Moniker, your post on the origins of current anti Semitism has some very questionable elements. The prominent one is:
Why do you prefer the claim of the Palestinians to the land, which are exactly the same as those Israel's claim is based on --
(1) that it was their land from biblical times, and
(2) that it was promised to them in the interwar years by British governments?
It was first promised to Zionists yes Zionists, and that is not a dirty word by Arthur Balfour. Zionism arose in response to growing anti-Semitism in the old empires of the modern age, in Imperial Russia and Austria Hungary in particular but also in Imperial Germany and even in America, where the Jewish experience was not exactly a bed of roses, 'land of the free' rhetoric notwithstanding, and its aim was to stop trying to blend in and just leave, or 'go away' if you will. Oh the ironies of history.
Another irony of course is that Britain was in a position in 1917 to promise the land to anyone. This is something British people sometimes tend to overlook. The disingenuousness of successive British governments in the interwar years, making promises, concealing promises, making secret assurances, taking sides willy nilly as occasion demanded, contributed immeasurably to the brewing conflict. It is really irresponsible for citizens of great world powers to shun complexity and seek the comfort of living lives untroubled by the foreign interference of their own governments, and to jump to conclusions based on the largest headlines with the shortest words.
British interest in a Jewish state arose from wartime exigencies:
Desire to appeal to Jews living in America, Germany, Austria Hungary, and Russia (esp Russian revolutionaries who were Jewish) and perhaps have a proBritish and anti Hun impact on public opinion;
Desire to establish control of an area close to the Ottoman Empire whose demise was not a foregone conclusion at the time of the Declaration;
Desire to maintain control of Suez, important for British India and the far east, and keep France out of the Levant and away from oil as much as possible.
Oil -- control of the Arab middle east (via postwar British League of Nations mandates) and access of British commercial interests to oil was a given in the British Imperial mind. Palestine had a pipeline terminal.
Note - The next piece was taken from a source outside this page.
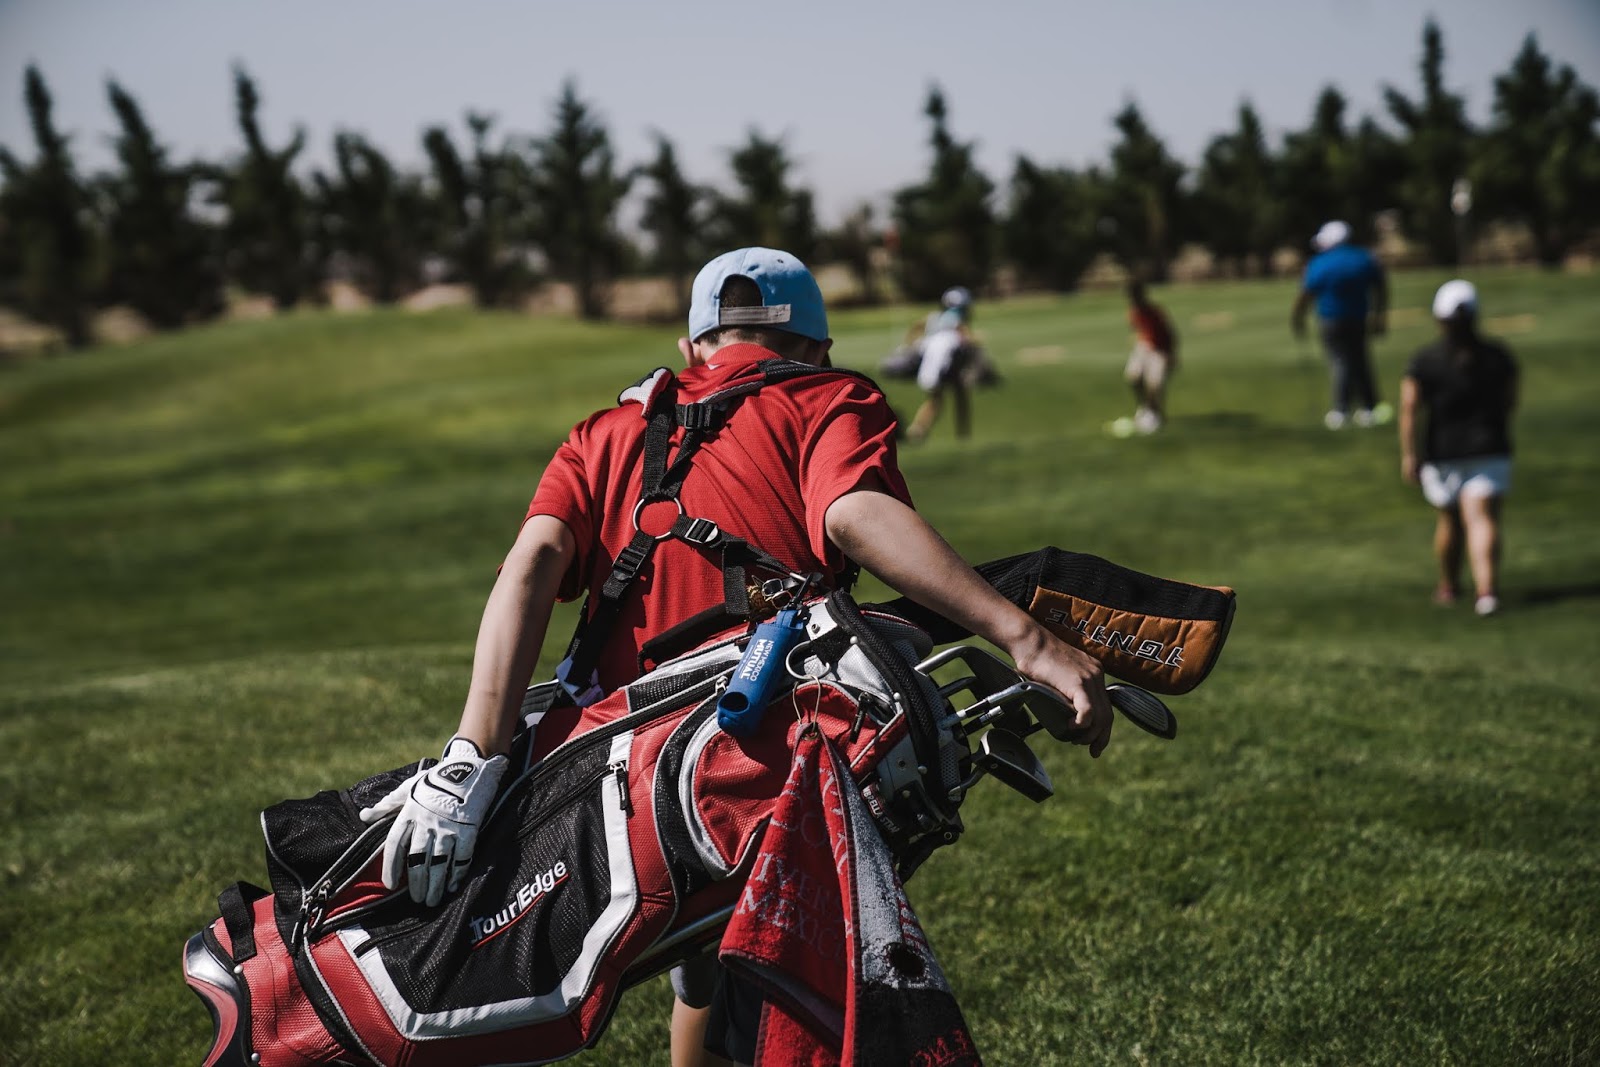 How To Organize Clubs In A 14 Golf Bag
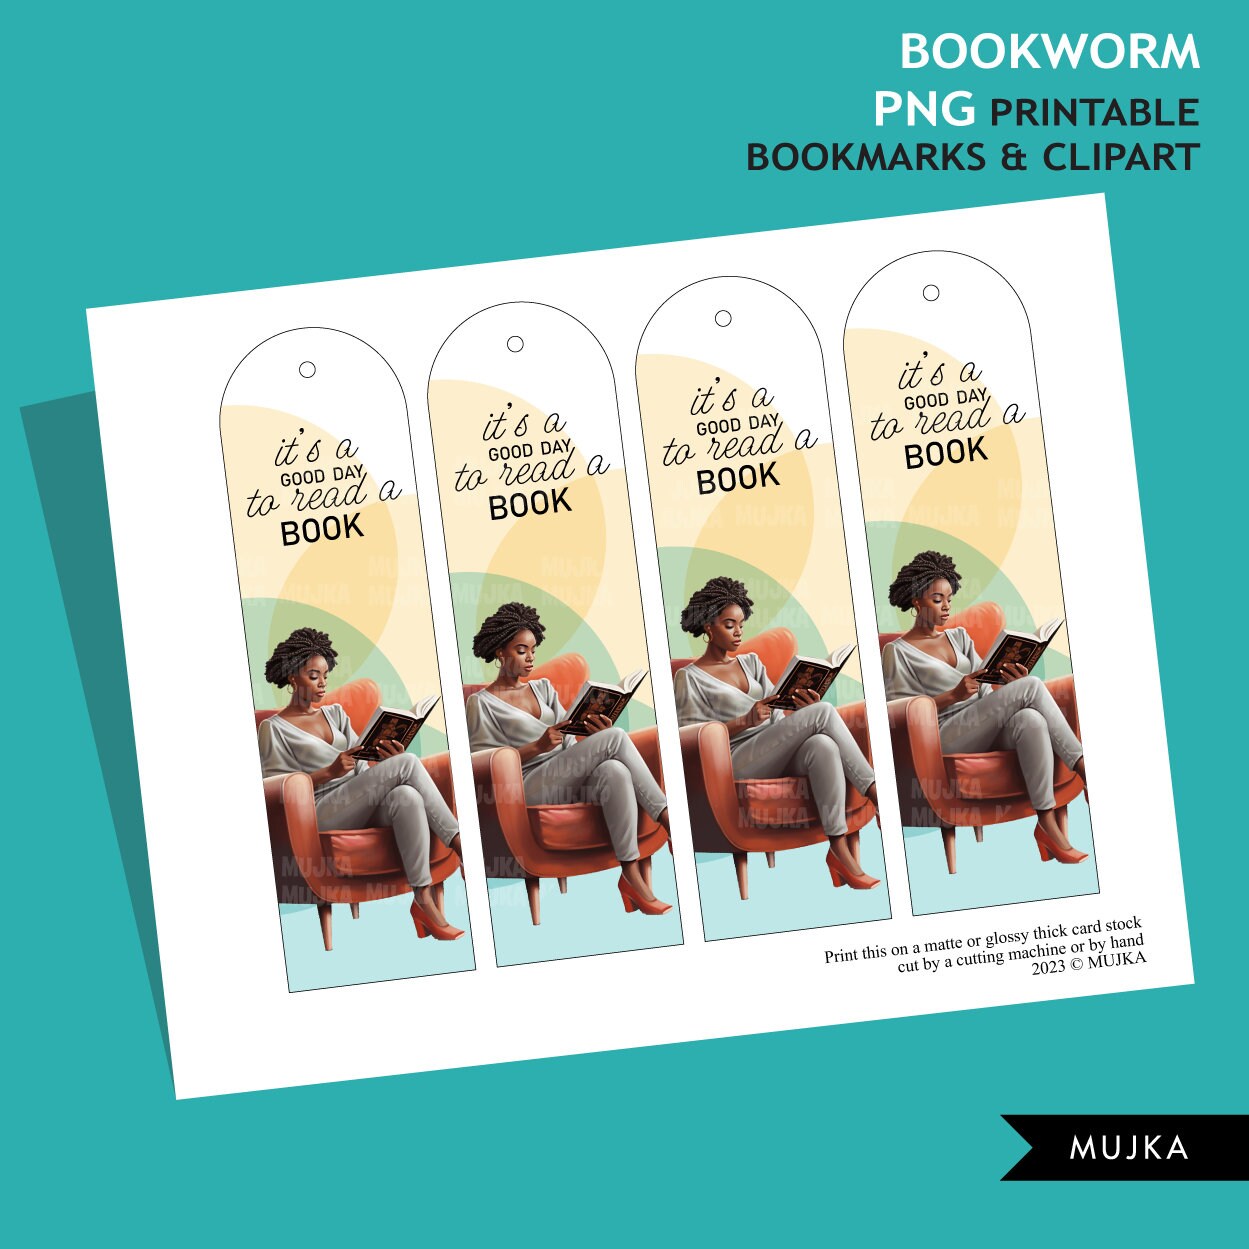 Bookworm png, Printable Bookmarks, Black woman reading png, Bookworm clipart, reading clipart, melanin woman png, brown girl stickers

Coyoacan the Balfour Declaration had the effect of encouraging Jews to up sticks and move to Palestine, and why not? It was always assumed and stated explicitly by Lloyd George that the wishes of the majority would be observed when the time came to grant statehood and decide the character of the state. Such is democracy after all, and a similar principle had guided the establishment of the state of Northern Ireland a large enough population to facilitate an economy, but a Unionist majority guaranteed.
Hence the so called invasion of Palestine by 'Zionists' from 1917 on, the majority of whom after 1945 were Jewish survivors of the Holocaust who were still facing pogroms and hatred all over Europe, and later Jews leaving their homes in the middle east where they found themselves unwelcome, and the former Soviet Union.